Roger Stone is leading an effort to free Julian Assange, the founder of Wikileaks who remains sequestered in the Ecuadorian embassy in London, where he has been given diplomatic asylum after the controversial website published thousands of confidential defense and diplomatic documents in 2010.
The call comes after a recent visit to London during which Stone, a longtime associate of President Donald Trump, visited the Ecuadorian embassy and left his contact information for Assange, who is in hiding in an effort to avoid extradition to Sweden, where he faced allegations of sexual abuse, The Guardian reported.
"My inchoate courtesy call was, in part, to 'punk' some in British media who persist in the falsehood that Assange is a Russian agent and WikiLeaks a Russian front, rather than a legitimate news organization," Stone wrote in an article published in The Daily Caller and the Daily Express.
Stone is referring to allegations that he had a communications backchannel with WikiLeaks during the 2016 elections, with investigations between Russia and the Trump campaign zeroing in on his relationship with Assange, according to The Daily Beast.
Last September, Stone testified to the U.S. House Intelligence Committee that he and Assange did not communicate during that period, noting that his comments regarding WikiLeaks disclosures about Hillary Clinton "were from a keen reading of Assange's own tweets and public comments, not from any inside or advance knowledge," according to the Daily Express.
Stone also noted that he had been in communication with an American journalist who "could confirm that WikiLeaks had obtained, and intended to publish, damaging Clinton emails."

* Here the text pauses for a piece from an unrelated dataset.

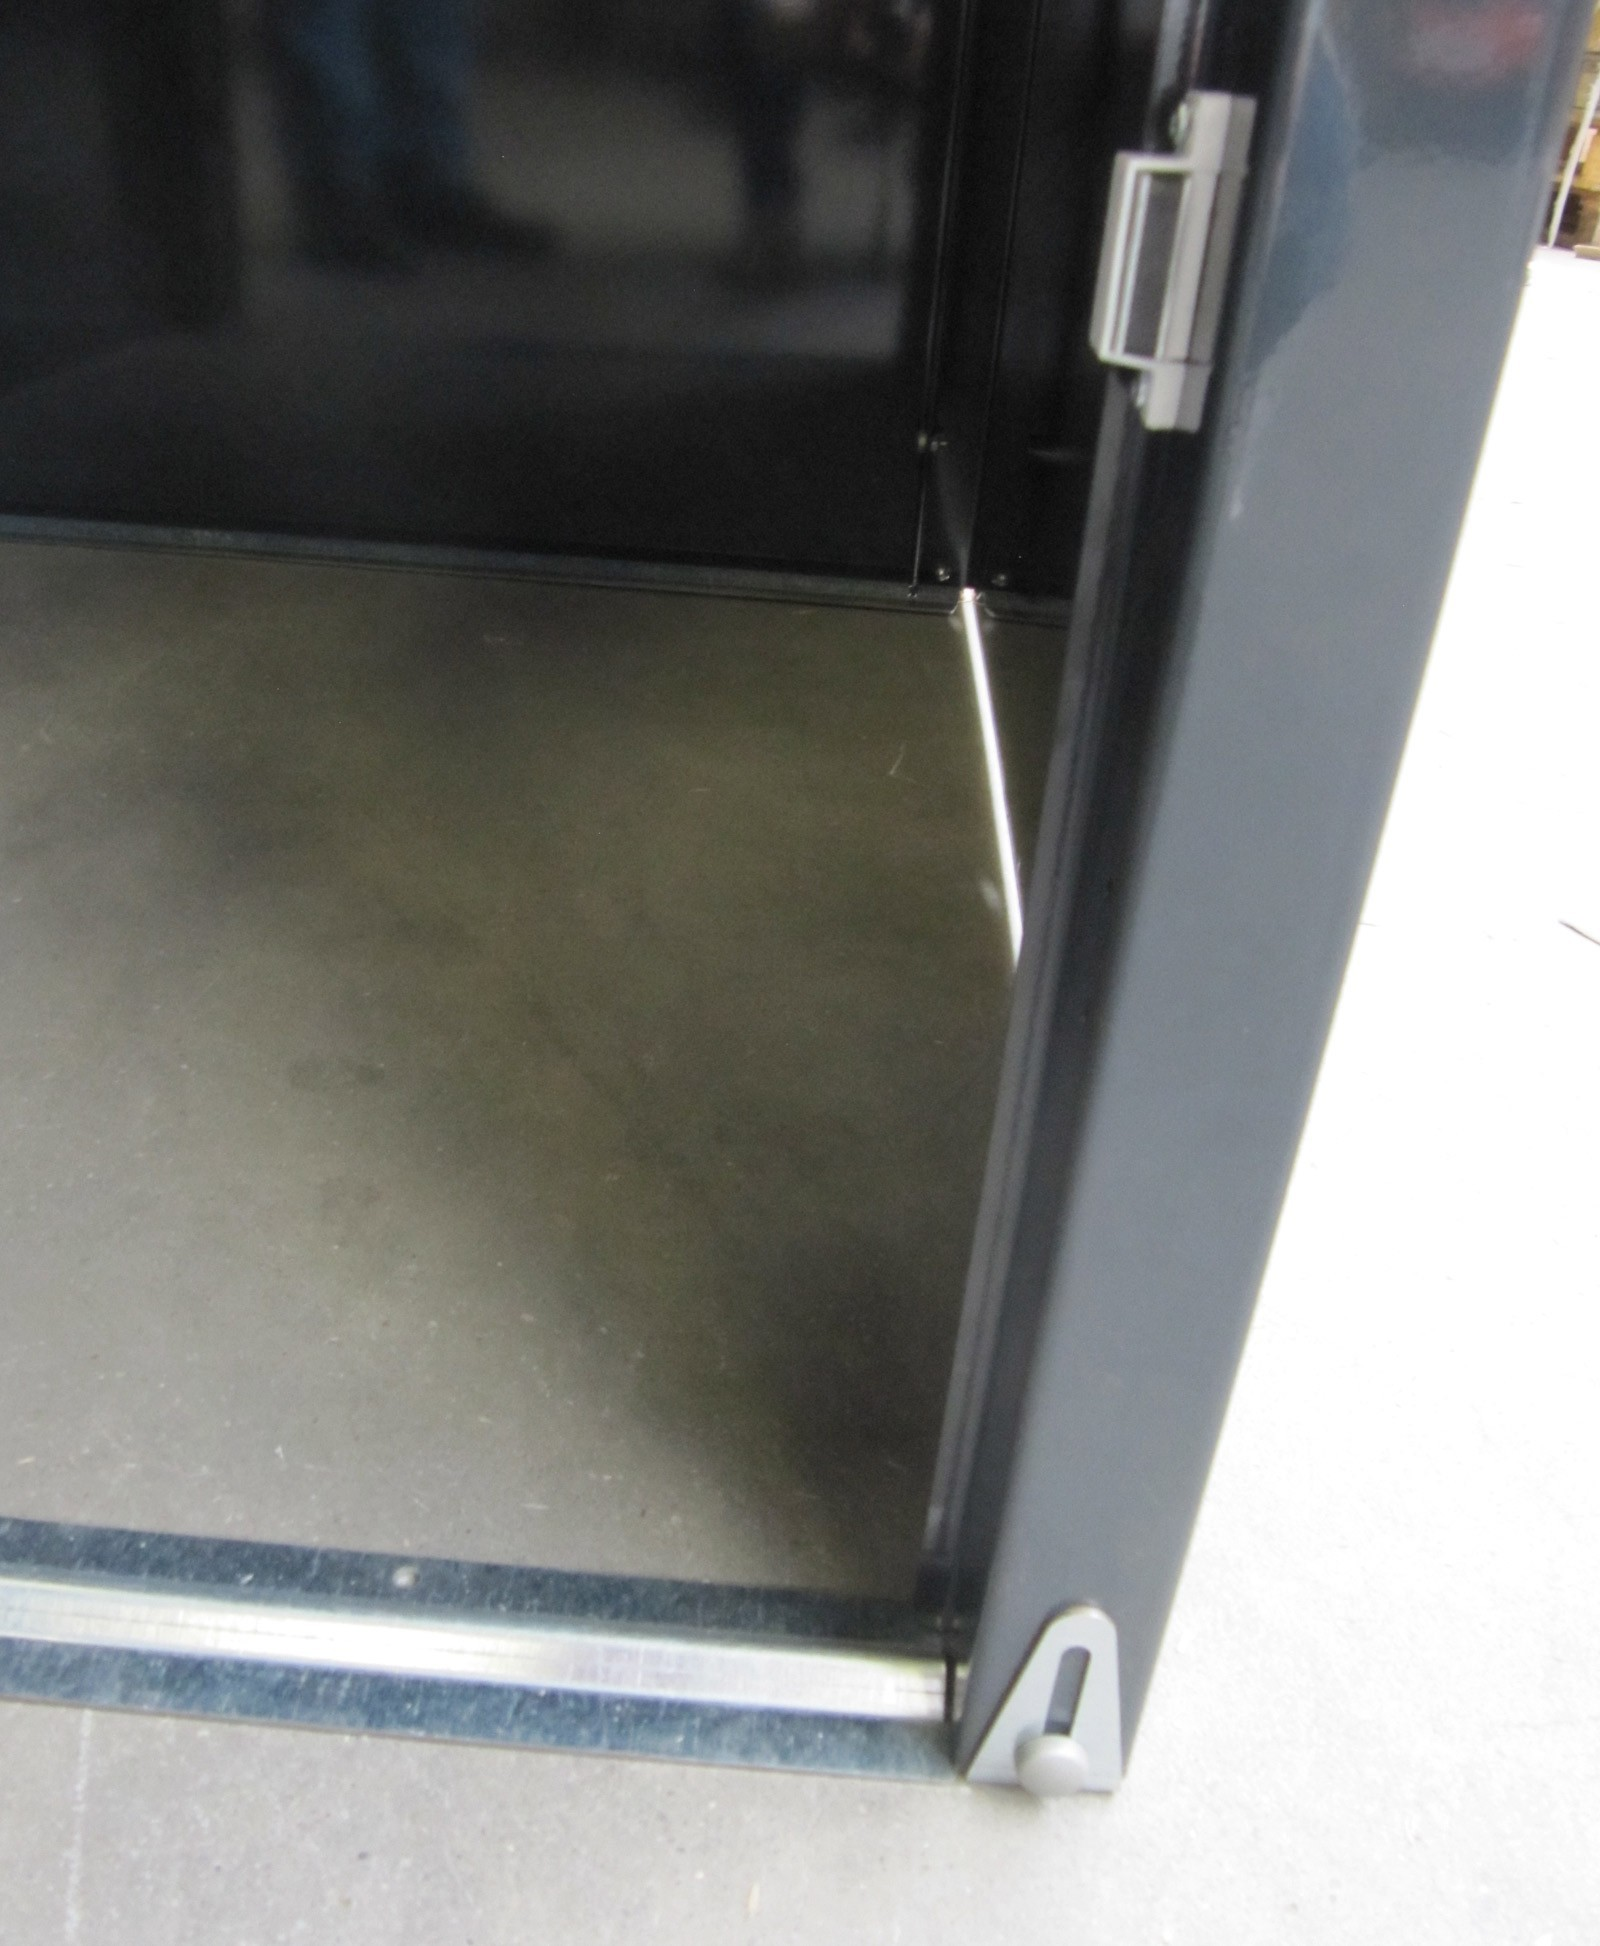 Universalbox / Mülltonnenbox Metall anthrazit 71x82x120cm Bild 3

The identity of the journalist was later leaked by internal staff and the journalist was axed as a radio talk show host.
"Human damage has been caused by the cynical manipulations and brazen deceit of the Russia collusion hoaxsters around Hillary Clinton," Stone noted, per The Daily Caller. "In this vein, my visit to Julian Assange's cramped quarters was, above all, to protest the unjust, inhumane persecution to which Assange is being perpetually-subjected."
According to Stone, the Swedish charges against Assange have been abandoned and U.K. bail charges would soon be heard on petition for dismissal.
However, he said that authorities were not concerned that there were "no legitimate legal grounds to prosecute Assange."
In light of this, he is calling on Trump to take action.
"While officials in charge of the Trump Justice Department and CIA grotesquely parrot Hillary Clinton's absurd slandering of WikiLeaks as a 'tool of Russian intelligence,' President Trump himself had nothing but praise during his campaign," Stone said, per The Daily Caller.
"The Donald Trump I know is a generous, compassionate, humane and, above all, fair man. As his steadfast, loyal, decades-long supporter, with all I have I implore him: Mr. President, free Julian Assange!"